Leetcode #298: Binary Tree Longest Consecutive Sequence
In this guide, we solve Leetcode #298 Binary Tree Longest Consecutive Sequence in Python and focus on the core idea that makes the solution efficient.
You will see the intuition, the step-by-step method, and a clean Python implementation you can use in interviews.

Problem Statement
Given the root of a binary tree, return the length of the longest consecutive sequence path. A consecutive sequence path is a path where the values increase by one along the path.
Quick Facts
- Difficulty: Medium
- Premium: Yes
- Tags: Tree, Depth-First Search, Binary Tree
Intuition
We need to explore a structure deeply before backing up, which suits DFS.
DFS keeps local context on the call stack and is easy to implement recursively.
Approach
Define a recursive DFS that carries the necessary state.
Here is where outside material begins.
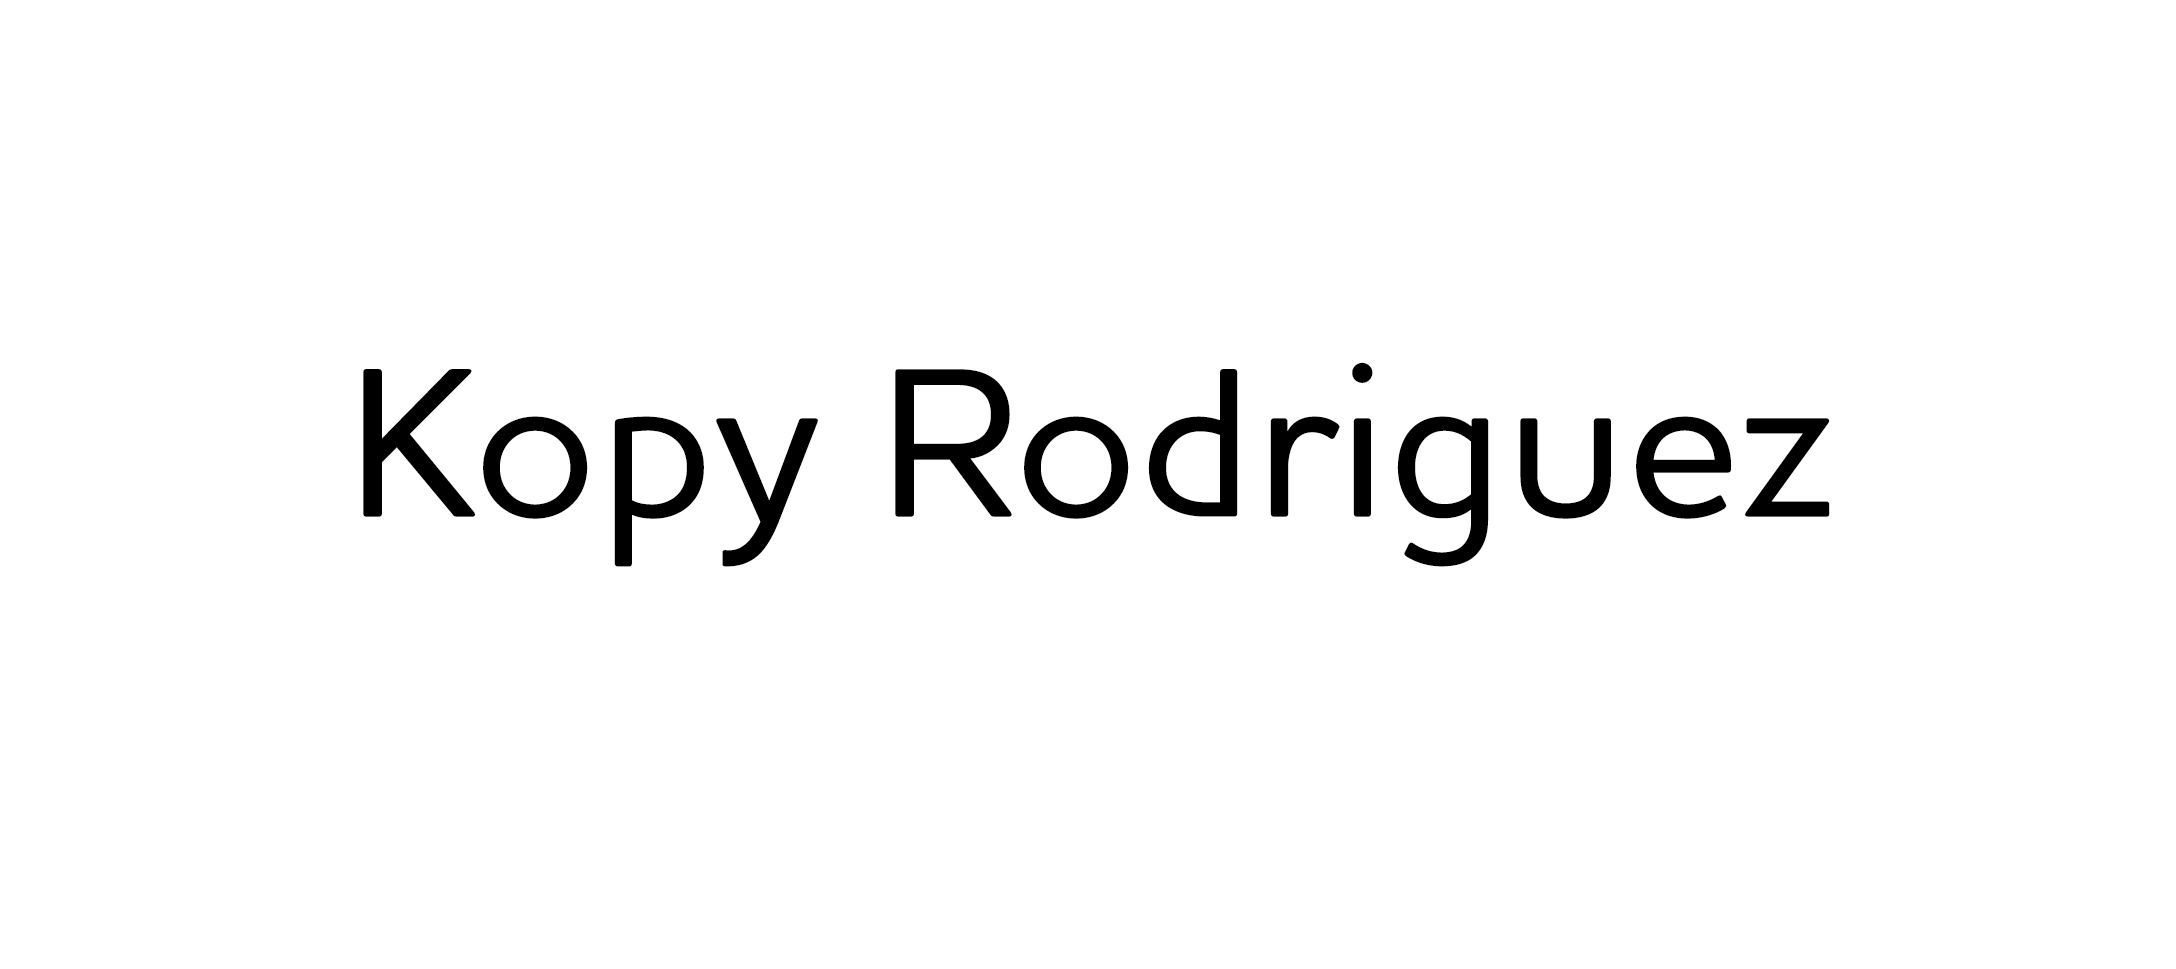 Kopy Rodriguez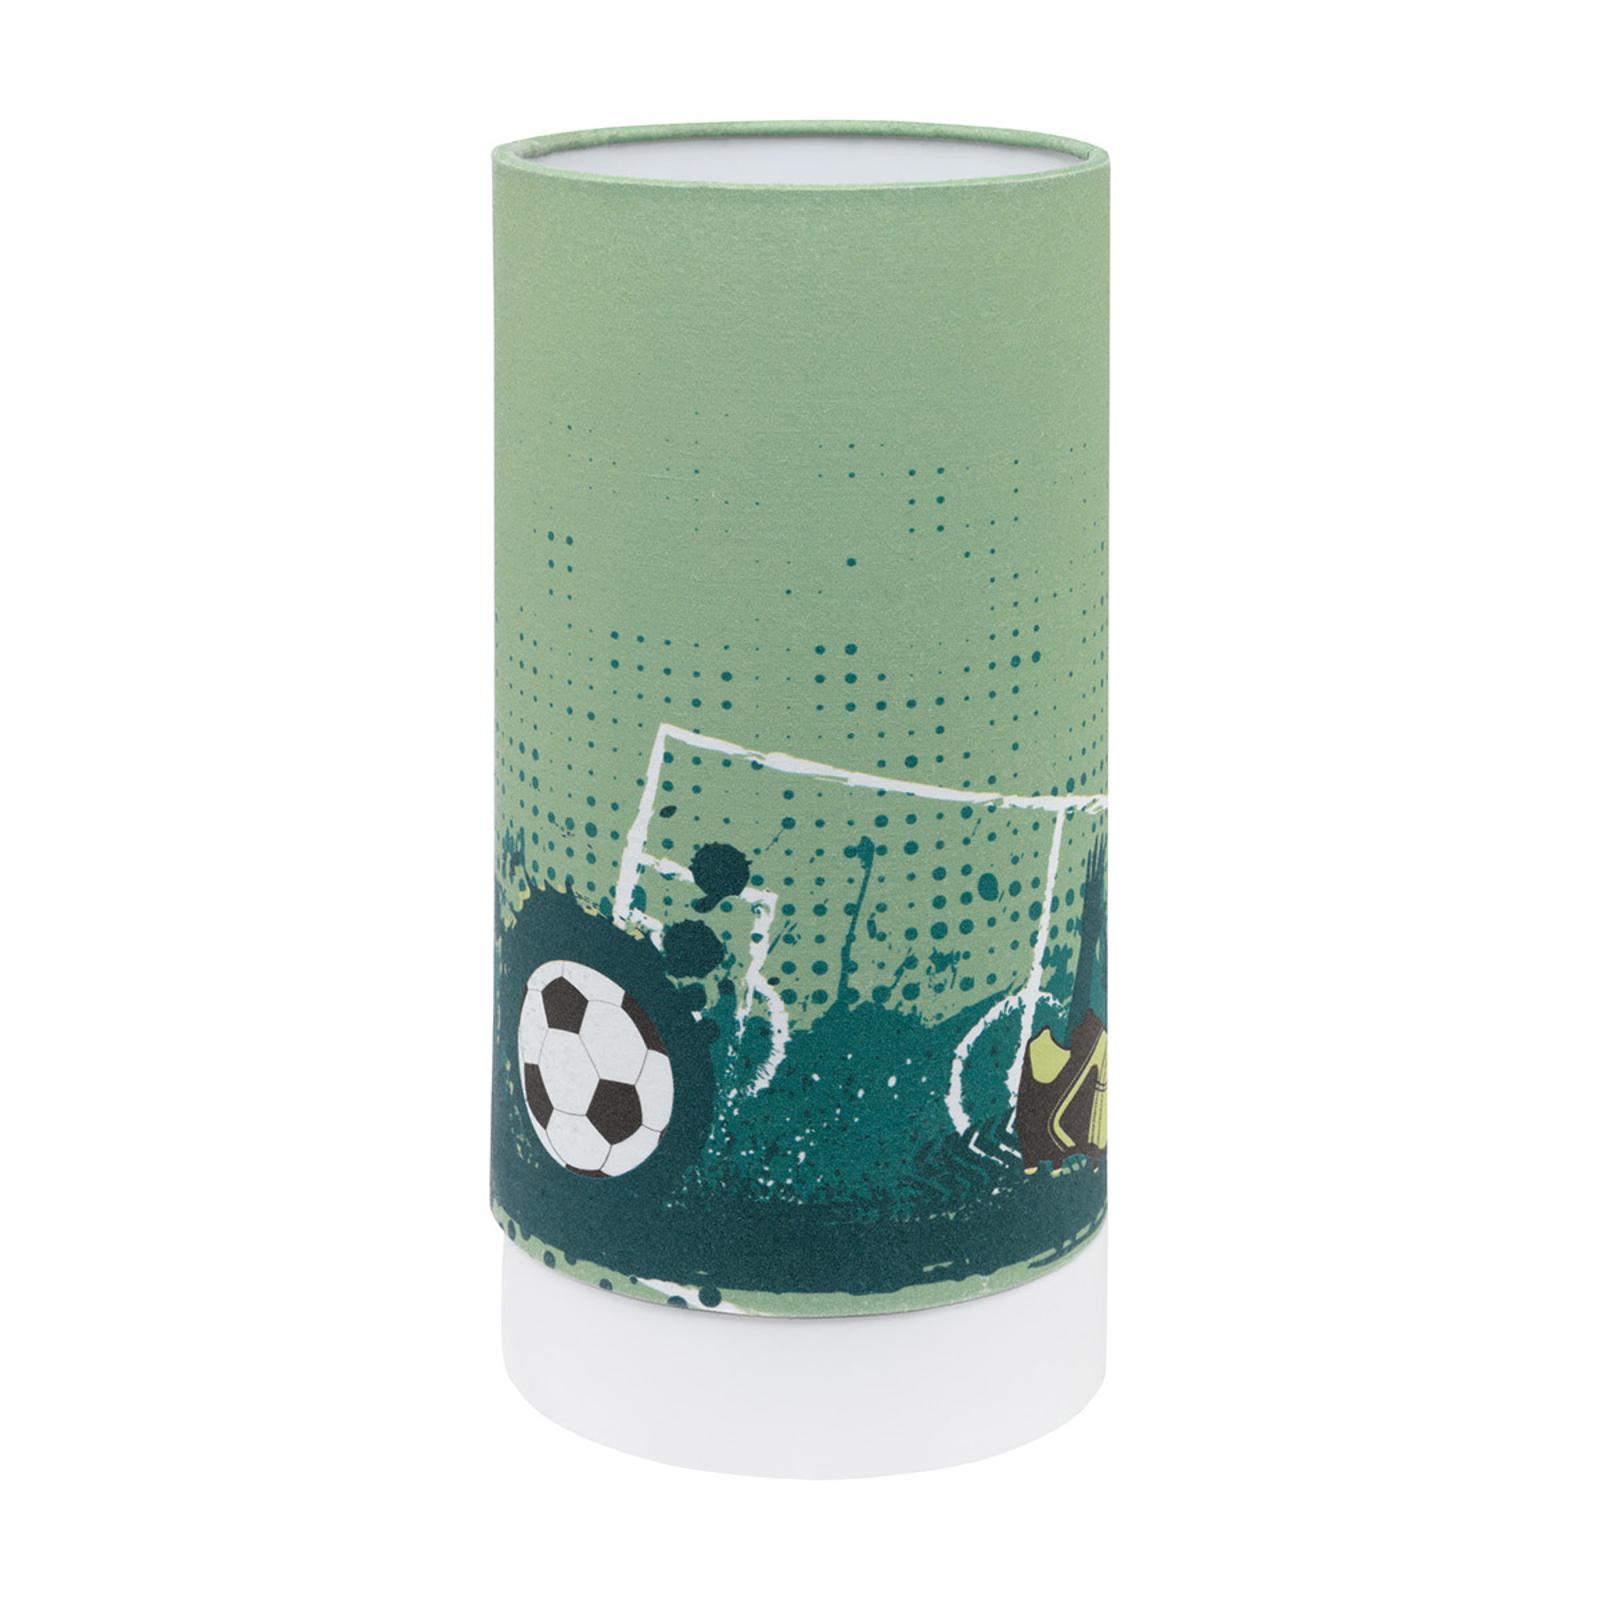 LED tafellamp Tabara met voetbalmotief

Combine child results as the recursion unwinds.
Steps:
- Define a recursive DFS with state.
- Visit children and combine results.
- Return the final aggregation.
Example
Input: root = [1,null,3,2,4,null,null,null,5]
Output: 3
Explanation: Longest consecutive sequence path is 3-4-5, so return 3.
Python Solution
# Definition for a binary tree node.
# class TreeNode:
# def __init__(self, val=0, left=None, right=None):
# self.val = val
# self.left = left
# self.right = right
class Solution:
def longestConsecutive(self, root: Optional[TreeNode]) -> int:
def dfs(root: Optional[TreeNode]) -> int:
if root is None:
return 0
l = dfs(root.left) + 1
r = dfs(root.right) + 1
if root.left and root.left.val - root.val != 1:
l = 1
if root.right and root.right.val - root.val != 1:
r = 1
t = max(l, r)
nonlocal ans
ans = max(ans, t)
return t
ans = 0
dfs(root)
return ans
Complexity
The time complexity is O(V+E). The space complexity is O(V).
Edge Cases and Pitfalls
Watch for boundary values, empty inputs, and duplicate values where applicable. If the problem involves ordering or constraints, confirm the invariant is preserved at every step.
Summary
This Python solution focuses on the essential structure of the problem and keeps the implementation interview-friendly while meeting the constraints.